Yngwie uses a flexible approach to the minor key, similar to the way it’s used by classical composers. It’s probably better to not think of Harmonic vs. Melodic vs. Natural Minor as 3 different scales, but as 3 different hues of the same tone color. All three of these scales use 5 out of 7 identical intervals, but there’s a chromatic alteration of 1 or 2 notes: +7 for Harmonic minor, +6 & +7 for Melodic minor. This doesn’t radically alter the tonality of the key, but it creates a stronger feeling of melodic tension that resolves to the tonal center (the root or octave).
As a rule of thumb, the raised notes occur in ascending melodic moves, while natural notes occur in descending moves. However, Yngwie often combines the natural and sharp 7 in the same run, sometimes right next to each other as chromatic passing tones. The natural and altered tones are “stacked” on top of each other and used to color the expression as needed.
It’s the same kind of thing with the “Blues Scale”. It’s just a minor pentatonic with a chromatic passing tone between 4 & 5. There’s no real change in tonality, just a slightly different flavor.
The Phrygian mode is the 5th mode of Minor. In the Key of A minor, the 5th mode is E Phrygian. This mode is similar to Aeolian/Natural minor, except it has a minor/flat 2 or 9 interval.
Phrygian Dominant is the 5th mode of Harmonic Minor. The major/sharp 7 in Harmonic minor is the 3rd of the Phrygian Dominant mode, so this is a Phrygian scale with a Major 3. This is why Yngwie uses it over the Major V chord in minor, because the major 3 in the chord aligns with the major 3 in the scale.
If that seems over complicated, just know that you can play all the notes of A harmonic minor over an E major or E7 chord, and that’s the sound of the Phrygian Dominant mode. It relates to what’s happening harmonically or in the bass.
The Diminished 7 chord has a cool relationship with harmonic minor. It’s the ‘natural’ VII chord (the chord build on the 7th step of harmonic minor). Dim 7 is a symmetric chord: all the intervals are minor 3rds stacked on each other. It also has 2 tritones stacked a minor 3rd away. This means it doesn’t have a true root, any of the notes in the arpeggio can be the “root”.
This makes it really flexible, like a ‘wild card’ that fits in multiple keys. It’s typically used as an altered dominant chord, which means that anywhere there’s a dominant or V chord in the progression, you can use it as a leading or passing chord.
In A minor, the G# Dim7 chord acts as a V chord into I: A minor, or as an altered dominant over E7 - the I chord in Phrygian Dominant.
The “Stacked” Dim7 chords are just the inversions of the same chord: G#dim7 - Bdim7 - Ddim7 - Fdim7 are all the same notes and identical harmony.

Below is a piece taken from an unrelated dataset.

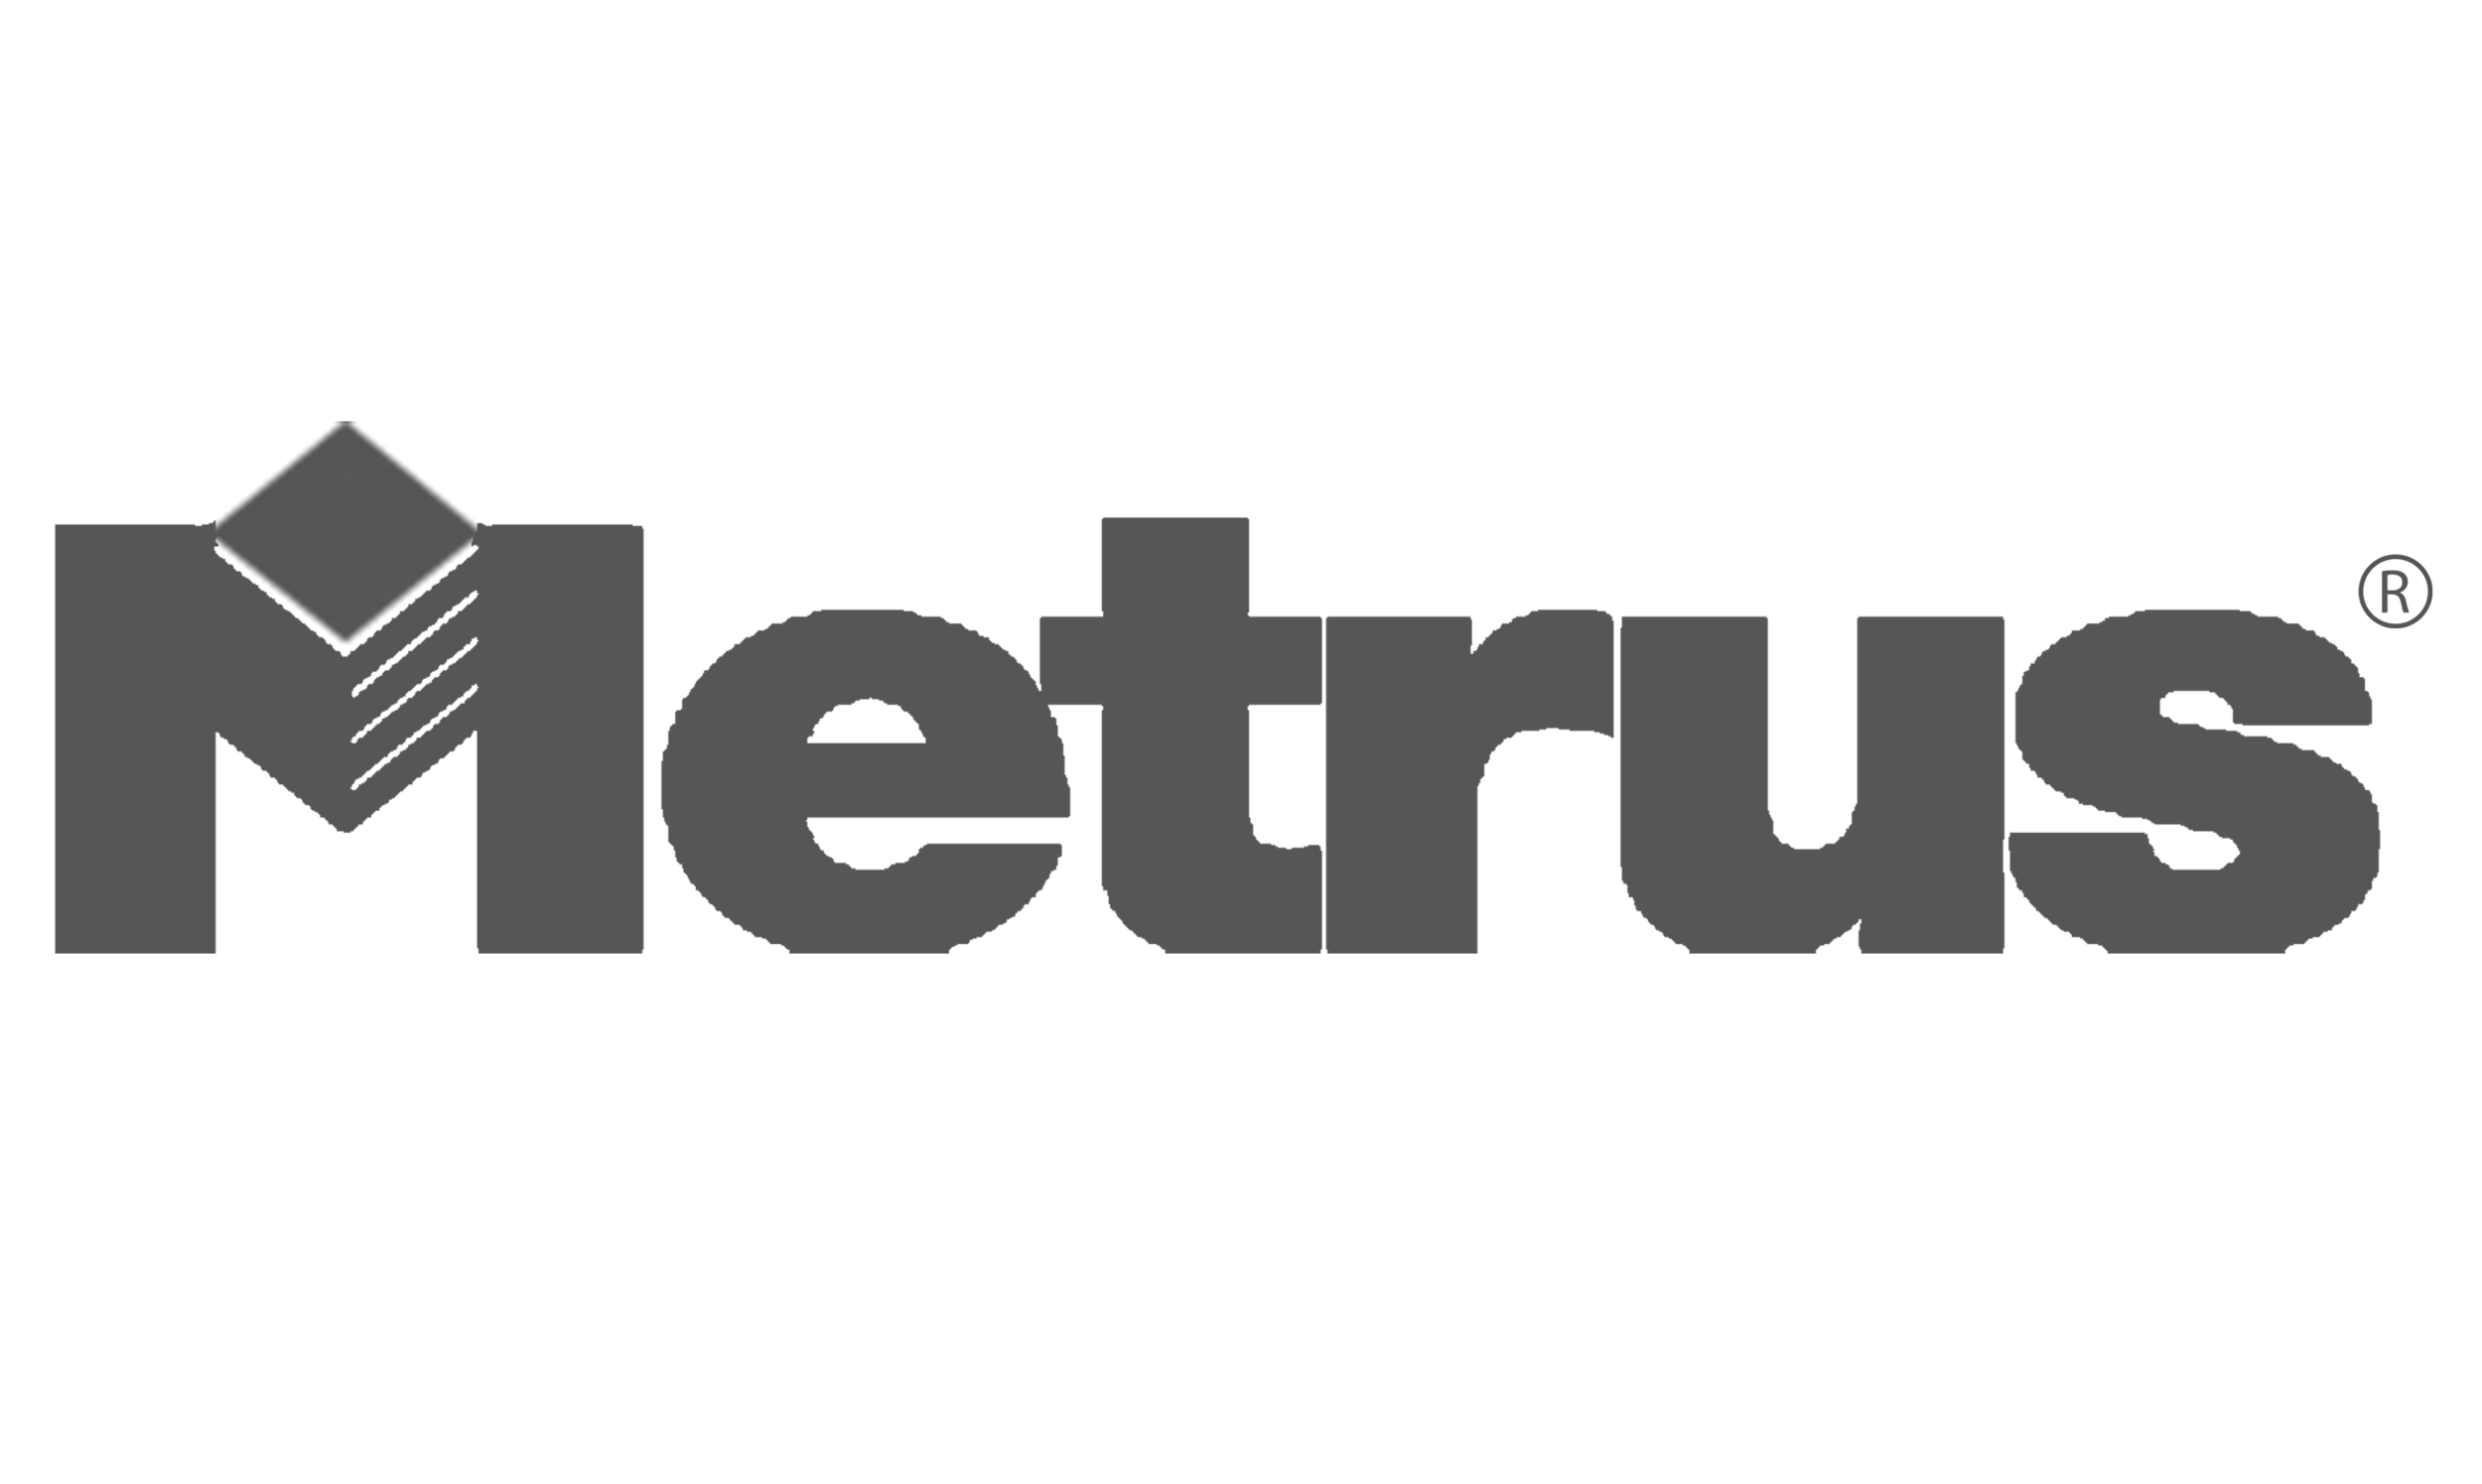 Metrus Logo .png

- More on Chord Scale relationships
In the Natural Minor scale, the V chord is a minor triad or minor 7. Traditionally, classical composers found that substituting a major triad or dominant 7 chord created a more powerful resolution into the I chord. This is a simple chromatic alteration, raising the 3rd of the V chord up a 1/2 step from minor to major. The 3rd of the V chord is the same note as the 7 in the key - this is the same alteration we find in Harmonic Minor (+7) and Phrygian Dominant (+3).
So in a nutshell, any time there’s a progression using Major V (or Dominant V7) to Minor I - Yngwie is almost always using the Harmonic Minor/Phrygian Dominant over the V, and sometimes over the I.
Essentially, you have freedom to use natural or altered minor over the I chord, but use the altered notes on the V chord.
I’m not sure how Yngwie really thinks about this stuff, I don’t get the impression he’s super analytical about his playing or theory behind it lol. Play Loud!